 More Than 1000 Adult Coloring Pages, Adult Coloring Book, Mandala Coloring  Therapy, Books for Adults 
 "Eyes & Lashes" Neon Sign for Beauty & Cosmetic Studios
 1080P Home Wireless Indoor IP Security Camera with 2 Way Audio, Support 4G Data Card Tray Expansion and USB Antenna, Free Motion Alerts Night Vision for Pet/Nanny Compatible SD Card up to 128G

= = = = = = =

◆ The task:
From the first line to the last, transcribe the data exactly.

◆ Output for this exercise:
 More Than 1000 Adult Coloring Pages, Adult Coloring Book, Mandala Coloring  Therapy, Books for Adults 
 "Eyes & Lashes" Neon Sign for Beauty & Cosmetic Studios
 1080P Home Wireless Indoor IP Security Camera with 2 Way Audio, Support 4G Data Card Tray Expansion and USB Antenna, Free Motion Alerts Night Vision for Pet/Nanny Compatible SD Card up to 128G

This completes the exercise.